Phase 8 — Probe truthfulness

  • FocasDriverProbe Phase-2 degrades to Ok=true ("TCP only") when FWLIB is absent → HEALTHY off a bare socket. Replace with a wire-client probe: open WireFocasClient + one sample read (e.g. sysinfo). Keep the TCP preflight for fast rejection.
  • Acceptance: probe reports unhealthy when the CNC TCP-accepts but FOCAS reads fail; HEALTHY only on a real session + read.

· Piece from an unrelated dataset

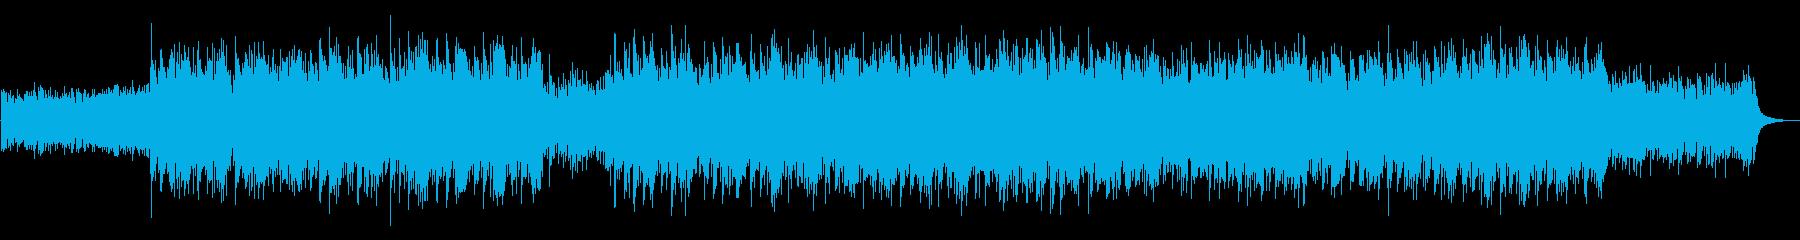 卒業/春/結婚/懐かしいピアノエレクトロの再生済みの波形

Phase 9 — Docs + version matrix

  • Add a real-hardware row to docs/v2/focas-version-matrix.md: 30i/31i-B → PDU v3; record which command families are validated. Update docs/drivers/FOCAS.md + this plan's status as phases land.

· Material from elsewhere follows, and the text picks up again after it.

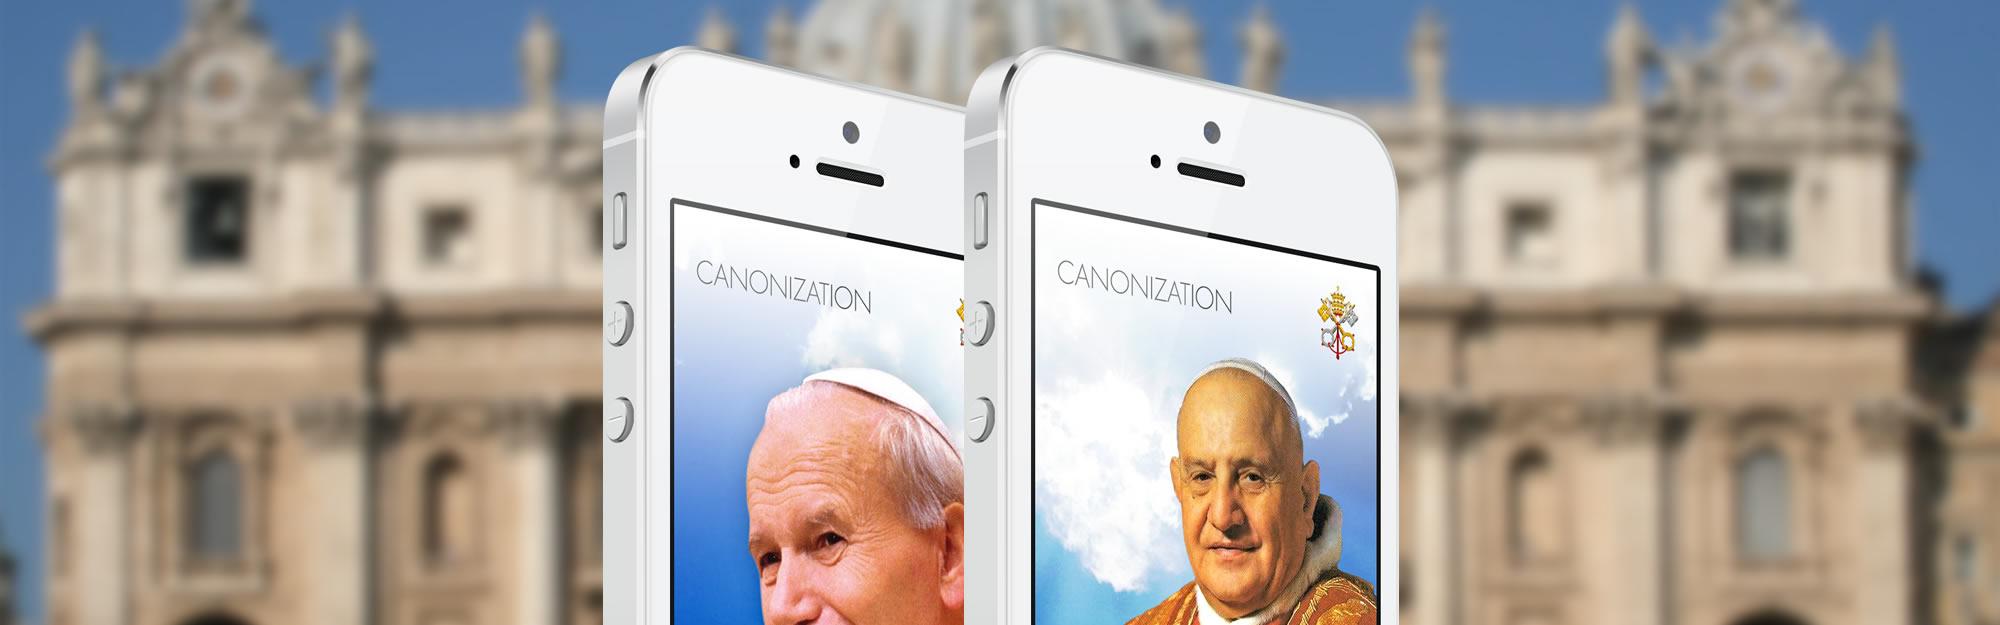 Iquii lancia le App ufficiali per la canonizzazione di Giovanni Paolo II e Giovanni XXIII

Phase 10 — Deploy to wonder + end-to-end verify

  • Optional: set the device series to ThirtyOne_i (sysinfo says CncType 31; capability ranges identical to Thirty_i, so cosmetic).
  • Rebuild a self-contained win-x64 publish of ZB.MOM.WW.OtOpcUa.Host (or swap just ZB.MOM.WW.OtOpcUa.Driver.FOCAS.dll) into E:\ApiInstall\OtOpcUa\ on wonder-app-vd03, preserving appsettings*.json + data\; restart OtOpcUaHost. (Access: servecli :2222, key ~/.ssh/servecli_wonder — see the deployment doc + memory.)
  • Re-run a deployment in the AdminUI afterward — FixedTree nodes are emitted at DiscoverAsync, so the address space must be rebuilt to surface them.
  • Acceptance (via the OtOpcUa CLI client → opc.tcp://wonder-app-vd03.zmr.zimmer.com:4840/OtOpcUa): ns=2;s=EQ-3686c0272279/parts-count + /parts-required read Good; FixedTree Identity/Axes/Program nodes present with live values; (timers/servo-load good once Phases 45 land).

Phase 11 — Commit + push

  • Commit source + tests + docs on a branch feat/focas-pdu-v3 (keep it separate from the unrelated pre-existing local edits in the tree). Push to gitea per the repo's flow. The Akka-roles host fix is a separate concern (see deployment doc) — note it but it's a box config change, not repo code.

Test strategy

  • Offline (CI-safe): unit tests over the Phase-1 captured v3 byte fixtures for every parser (FocasWireProtocolTests + new FocasWireModels/parse tests). Keep the docker mock (v1) green.
  • Live (env-gated): the Driver.FOCAS.Cli (probe/read) + the status harness, against 10.201.31.5. Gate behind an env var / [Trait] so CI without a CNC skips.

Sequencing notes

  • Phase 1 (capture) unblocks 4/5/7. Phase 2 (servo-load safety) gates enabling FixedTree on v3. Phases 47 are independent and parallelizable once captures exist. Phase 10 depends on whichever surfaces you want live (macro tags already work after Phase 0, so a minimal deploy could happen now; full FixedTree wants Phases 2/5/6).
  • Keep emitting v1 requests unless Phase 3 proves otherwise — it's validated and minimal.

File map

  • src/Drivers/.../Wire/FocasWireProtocol.cs — version gate (done), request-version policy (Phase 3).
  • src/Drivers/.../Wire/FocasWireClient.cs — CT-bound reads (Phase 2), per-command requests.
  • src/Drivers/.../Wire/FocasWireModels.cs + parse helpers — per-command v3 struct fixes (Phases 47).
  • src/Drivers/.../FocasDriver.cs — FixedTree axis iteration (Phase 6), FixedTree enable gating (Phase 2).
  • src/Drivers/.../FocasDriverProbe.cs — wire-client probe (Phase 8).
  • scripts/focas/capture-initiate.py — extend to data PDUs (Phase 1).
  • tests/Drivers/ZB.MOM.WW.OtOpcUa.Driver.FOCAS.Tests/ + Fixtures/v3/ — fixtures + parser tests.
  • docs/v2/focas-version-matrix.md, docs/drivers/FOCAS.md — docs (Phase 9).